Middangeard era uma expressão antiga que poderia ser traduzida como Middle Earth(Terra Média), e designava o mundo entre o céu e o inferno, algo muito próximo da idéia de Midgard na Mitologia nórdica. Esse acontecimento inspirou em Tolkien as primeiras tentativas para a criação de um mundo antigo à sua moda. O passado, em especial o dos povos da Europa do norte, era uma paixão do professor e pesquisador J.R.R. Tolkien, que colaborou em uma das mais famosas edições da lenda arturiana “Sir Gwain and the Green Knight”. Com o mesmo parceiro dessa empreitada, Tolkien viria a fundar o Viking Club. O Viking Club era uma agremiação voltada a alunos de graduação da Universidade de Oxford na qual se lia e se discutia as antigas Sagas nórdicas, e bebia-se cerveja!

O interesse de Tolkien pela Mitologia Nórdica era tanto que o seu trabalho acadêmico mais relevante na Universidade de Oxford foi “Beowulf, the Monsters and the Critics”, trabalho com o qual Tolkien contribuiu de forma decisiva para que esse milenar poema épico passasse a ser tratado como uma obra literária e poética de valor. O Poema relatando as batalhas do mítico Beowulf foi escrito na Inglaterra há mais de 1000 anos, tendo sua ação centrada onde hoje é a Dinamarca e Suécia, e serviu como base para o roteiro do filme O 13º Guerreiro. Há alguns anos, foi descoberta numa biblioteca de Oxford uma tradução de Beowulf, em duas mil páginas manuscritas! Essa tradução foi feita pelo próprio Tolkien e inclui comentários pessoais sobre os valores defendidos na obra como amizade, lealdade e valentia, os mesmos valores que viriam a caracterizar obras como “O Hobbit” e “O Senhor dos Anéis”.

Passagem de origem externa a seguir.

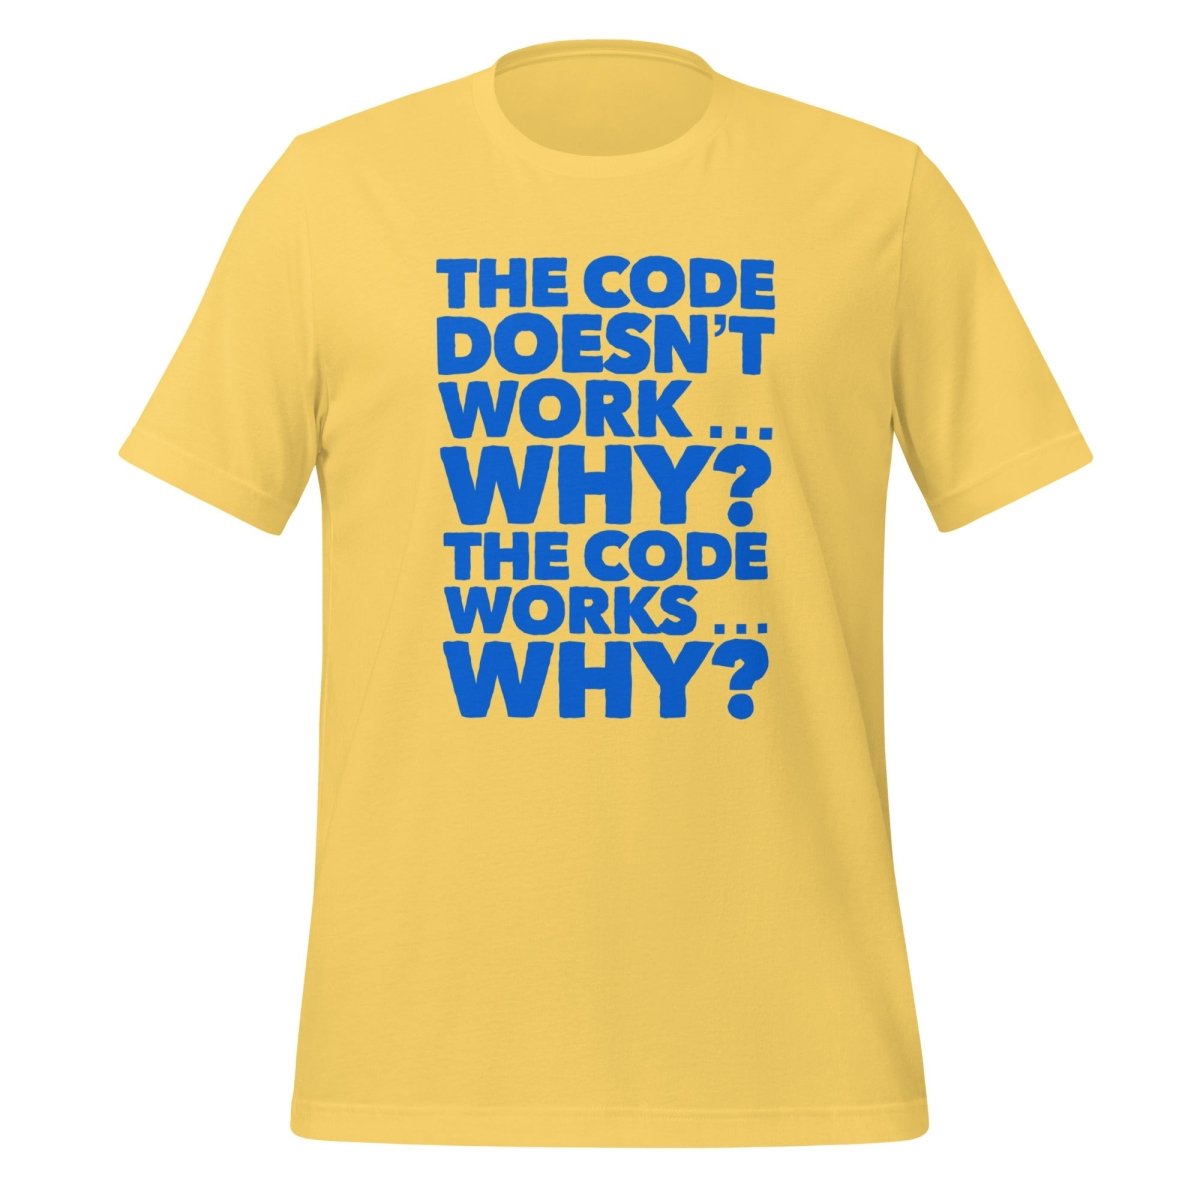 The code doesn't work, why? T - Shirt 2 (unisex) - Yellow - AI Store

Não são apenas os valores presentes no universo mítico da Europa nórdica e germânica que viriam a influenciar a obra de Tolkien. As línguas, os personagens e os temas folclóricos e mitológicos desses povos, constituíram-se na herança ancestral de um dos mais ousados passos dado por um escritor de ficção na história do ocidente, que foi a criação de um mundo com identidade e cultura próprios.

Universos à parte do mundo “real” era algo comum na Mitologia Clássica, mas incomum no universo literário em geral. Mitos, línguas,geografia, história, cosmologia, biologia…a obra de Tolkien era uma empreitada cosmogônica, um simulacro de divindade dando forma e “corpo” a seres e lugares num mundo ordenado e fictício! Algo que fazia Alice e o país das maravilhas de Lewis Carrol parecer um mero esboço de realidade alternativa.

A ousadia da proposta de Tolkien provocaria transformações profundas no universo da ficção, de Duna a Guerra nas Estrelas, quase todo mundo bebeu da fonte do mestre ao imaginar raças, mundos e linguagens povoando lugares fictícios. Mas, talvez, a maior mudança de todas tenha se dado na cabeça de milhões de garotos adolescentes norte-americanos da classe média que, coincidentemente, eram o mesmo público dos já consagrados “War Games”.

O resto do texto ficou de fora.